Storage / wire effects

  • Filesystem: creates ~/.config/kebab/, ~/.local/share/kebab/, ~/KnowledgeBase/ only when kebab init runs; never on Config::load.
  • Wire schemas: ships docs/wire-schema/v1/{citation,search_hit,answer,ingest_report,doc_summary,chunk_inspection,doctor}.schema.json as stubs declaring the top-level schema_version and required fields per §2. Full property validation can land later.
  • DB: workspace ships migrations/V001__init.sql containing only §5.1 schema_meta + migrations tables (the full schema lands in p1-6's migration file or p0-1 may pre-stage the empty migrations directory; choose the former to keep this task within kebab-core/kebab-config/kebab-app/kebab-cli scope).
  • Logging: tracing initialized in kebab-cli; daily-rolling file in ~/.local/state/kebab/logs/.

Test plan

kind description fixture / data
unit id_from deterministic across 1000 runs for fixed inputs inline
unit each id_for_* recipe matches design §4.2 byte-for-byte (verify against fixed expected hex) inline
unit to_posix collapses ./a//b.mda/b.md and NFC-normalizes Korean inline
unit Citation::to_uri and parse round-trip for all 5 variants inline
unit newtype Display/FromStr rejects invalid lengths/chars inline
unit Config::defaults + env override + CLI override produces expected merged config inline
snapshot Config::defaults JSON serde stable inline (round-trip)
smoke kebab --help, kebab init, kebab doctor run; doctor reports config_loaded ✓ data_dir_writable ✓ even with no DB present (downstream checks may fail with hint) tmp XDG_* env
build cargo check --workspace and cargo test --workspace pass repo

All tests must run with no network, no Ollama, no models.

Definition of Done

  • Cargo.toml workspace lists kebab-core, kebab-parse-types, kebab-config, kebab-app, kebab-cli and resolver=3, edition 2024
  • cargo check --workspace passes
  • cargo test --workspace passes
  • kebab-parse-types cargo tree shows ONLY kebab-core + serde/thiserror style deps (no parser libs, no other kebab-*)
  • kebab --help prints subcommands
  • kebab init creates XDG dirs idempotently and writes config.toml
  • kebab doctor returns wire JSON conforming to doctor.v1 (in --json mode)
  • docs/wire-schema/v1/*.schema.json stubs exist (7 files: citation, search_hit, answer, ingest_report, doc_summary, chunk_inspection, doctor)
  • docs/spec/ stubs exist linking to the frozen design (one file per: domain-model, ids, canonical-document, chunk-policy, citation-policy, module-boundaries, ai-generation-guidelines)
  • fixtures/ root directory created with all subdirectories that downstream tasks reference: fixtures/markdown/, fixtures/source-fs/, fixtures/search/lexical/, fixtures/search/hybrid/, fixtures/embed/, fixtures/vector/, fixtures/rag/, fixtures/eval/, fixtures/image/, fixtures/pdf/, fixtures/audio/. Each subdir gets a .gitkeep so it tracks.
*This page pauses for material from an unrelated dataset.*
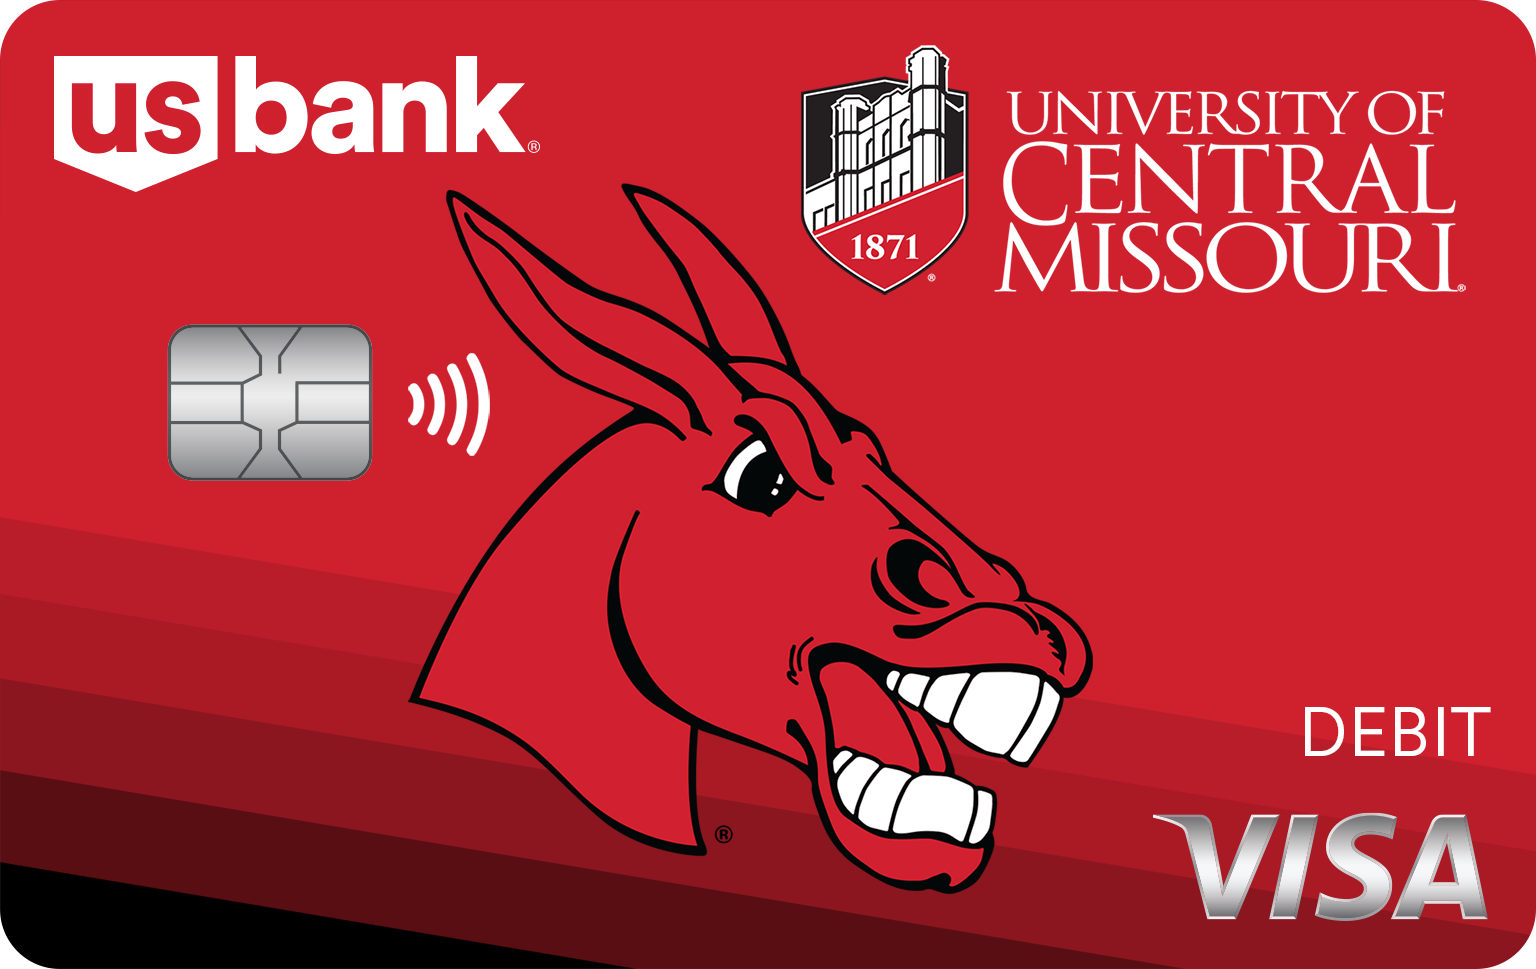 Tarjeta 8 Diseño de tarjeta de débito Visa de la universidad University of Central Missouri.
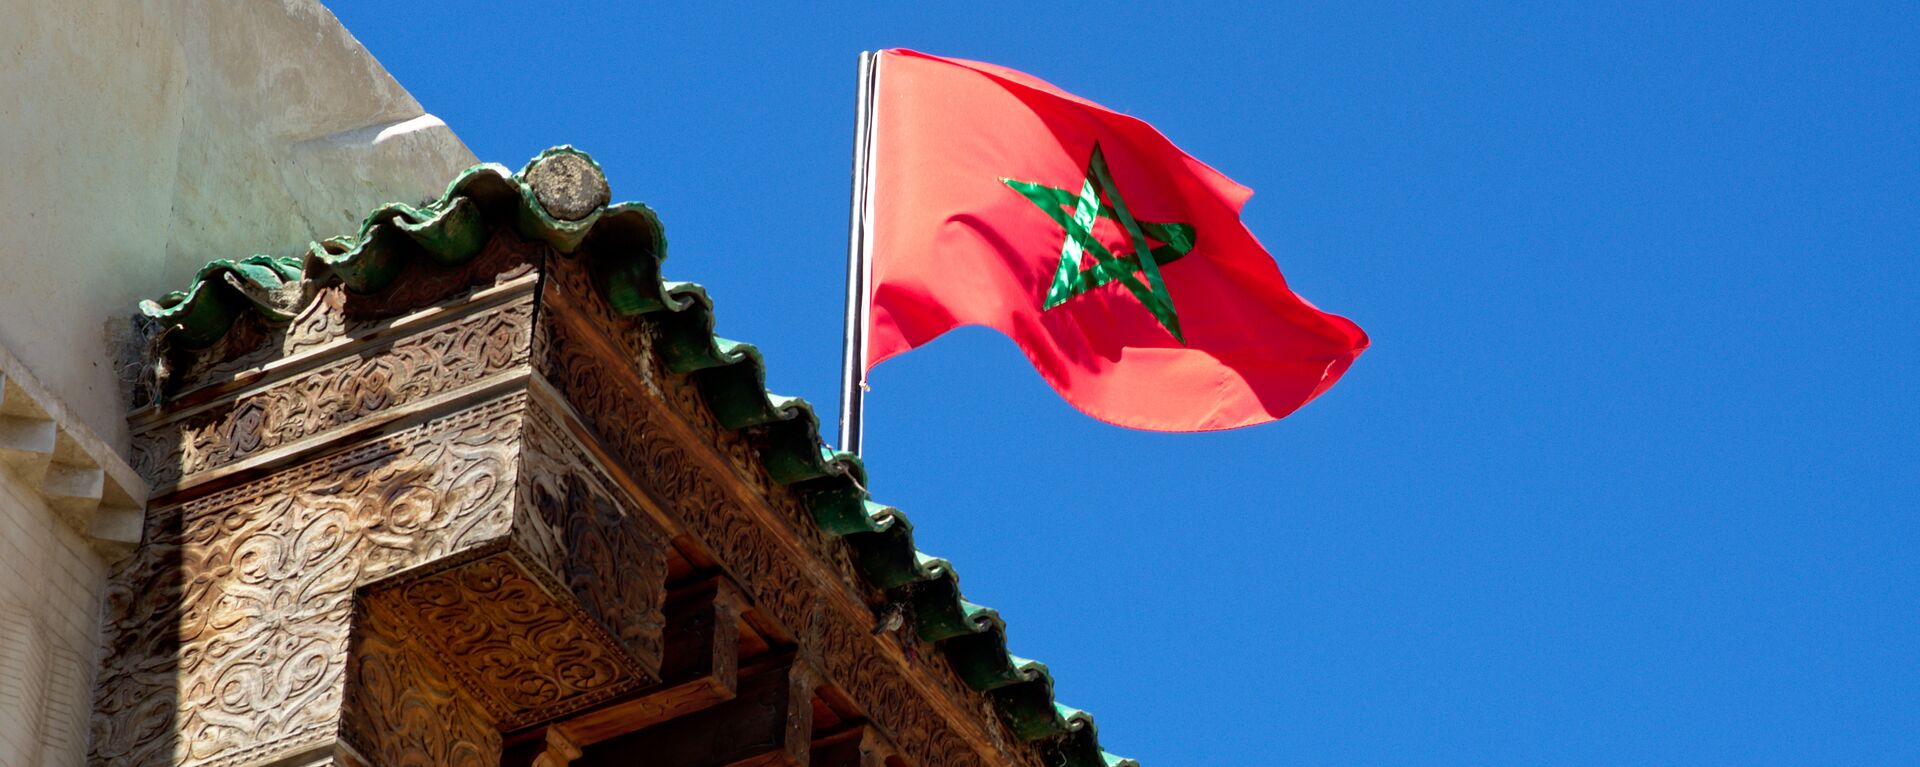 La bandera de Marruecos - Sputnik Mundo, 1920, 11.12.2020

P1 ships at minimum fixtures/markdown/{simple-note,nested-headings,code-and-table}.md (per epic phase-0); other dirs stay empty until their phase lands.
  • No imports outside Allowed dependencies (CI deny check)
  • PR body links design §3, §3.7b, §4, §6, §7, §8, §9, §10

Out of scope

  • Any parser / store / embedder / search / llm / rag / tui / desktop logic (downstream phases).
  • Full schema migrations (most DDL lands in p1-6 / p2-1 / p3-3).
  • Wire schema deep validation (only required fields + schema_version checked here).
  • Real kebab-app business logic (functions stub with unimplemented!() or explicit bail!).

Risks / notes

  • ID recipe is the contract that every later record depends on. Any change after this task lands forces a parser_version / chunker_version / embedding_version cascade per §9. Treat changes as schema migrations and update the design doc first.
  • Newtype IDs use String (not [u8; 16]) to keep serde simple; tests must still enforce 32-char hex constraint on FromStr.
  • kebab-app stubs must use bail! not panic! so the CLI exits with code 2 cleanly per §10.
  • clap v4 derive: subcommand inspect has nested doc / chunk variants; ensure exit code 0/1/2 mapping wraps the facade call uniformly.
  • XDG path discovery on macOS: spec uses XDG (not Application Support) per §6.1 — dirs crate honors XDG env vars; tests must set them explicitly.